19. yüzyılda zorunlu askerlik ve sonu bilmeyen savaşlar yüzünden kırsal alandan asker alımı Türk köylü nüfusunu azaltınca Anadolu demografisi değişmiş, sözgelimi Ege kıyılarında ve Menderes Vadisi’nde Müslüman köylüler askere gidince yerlerini Yunan adaları ve anakarasından gelenler doldurmuştur. Anadolu’nun toplam nüfusu 1850’lerde 10 milyon iken 1900’de 12 milyona ulaşmış bu süreçte yani 19. yüzyılda oransal azlıklarına karşın Hristiyanlar’ın nüfus artış hızı Müslümanlar’ı geçmiştir. 1831 ve 1881 yılları arasında yapılan resmi nüfus sayımları Müslümanlar’ın nüfusunun değişmemesine karşın Hristiyanların % 2 oranında arttığını göstermektedir[4].

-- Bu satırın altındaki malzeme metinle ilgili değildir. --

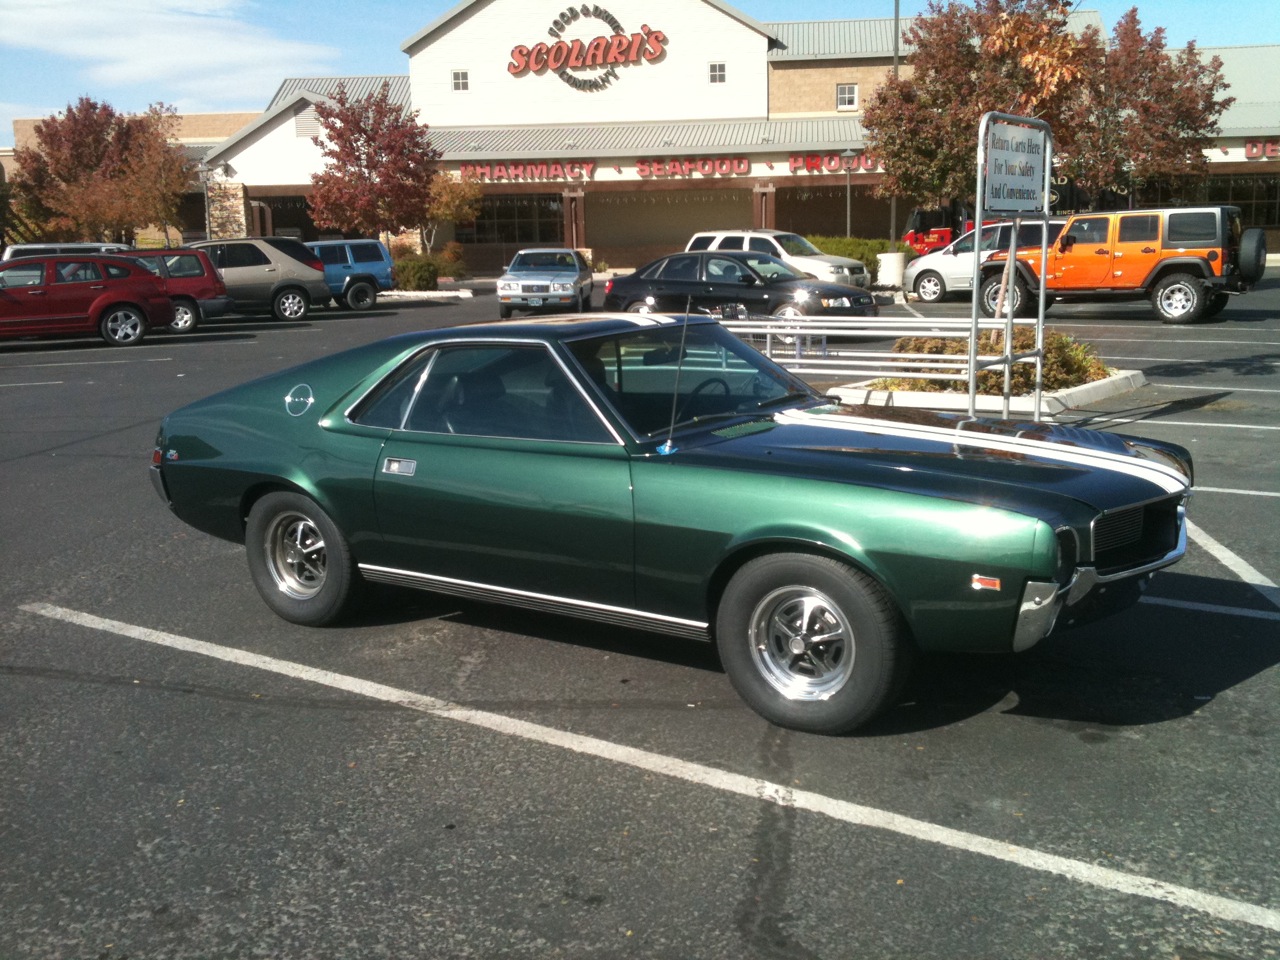 Attached picture 6902129-AMX3.JPG

19. Yüzyılın başlarında Osmanlı’nın Avrupa’nın siyasi dengesinin bozulmaması açısından ayakta kalması gerektiğini düşünen Batılı diplomat ve politikacılar Hristiyan azınlıkları destekleyerek toplumsal konumlarını güçlendirilmeyi bu amaca uygun bulmuşlar, bir yere kadar Osmanlı reformistlerle de anlaşmışlardır. 18. yüzyıla dek Osmanlı ticaret sistemi içerisinde yer alan ve 19. yüzyılın sonlarında 1 milyonu bulan Rum nüfus dünya ticaret sistemine adapte olmuş, ekonomik olarak zenginleşmeye başlamışlardır. 1857 yılından itibaren Osmanlı hükümeti Türk ve Kürt göçerleri yerleşik köylü yapmaya yönelik bir tarım ve iskân politikasını uygulamaya koyarken, yabancı ülkelerden Anadolu’ya yerleşmek isteyecek köylülere devlet arazisi, askerlik ve vergiden muafiyet gibi teşvikler de sunmuştur. Avrupa ülkelerinden barış ortamında gelen olmamışsa da Osmanlı-Rus savaşları ertesinde Balkanlar ve Kafkasya Müslüman halklarının bir kısmı –ki sayıları 1 milyonun üzerindedir- yaşadıkları toprakları geride bırakarak kitleler halinde Anadolu’ya göçmüştür. Çoğunlukla Kuzey Ege, Marmara ve Batı Karadeniz kıyılarındaki verimli topraklara yerleştirilen göçmenlerle Anadolu’ndaki Müslüman unsuru güçlendirilirken, anayasal reformlarla gittikçe özgüveni artan Hristiyanlar’a karşı denge sağlanmış ama Osmanlı toplumu içerisindeki etnik ayrımlar ister-istemez körüklenmiş, bin yıllık kaynaşmaya dayanan Türkmen-Rum etno-kültürel sentezinin büyüsü de bozulmuştur. İlginç bir karşıtlık olarak Ege Adalarından gelen Yunan köylüler de Asos ile Kuşadası arasındaki Anadolu sahiline yerleşerek İzmir civarında yoğunlaşmıştır.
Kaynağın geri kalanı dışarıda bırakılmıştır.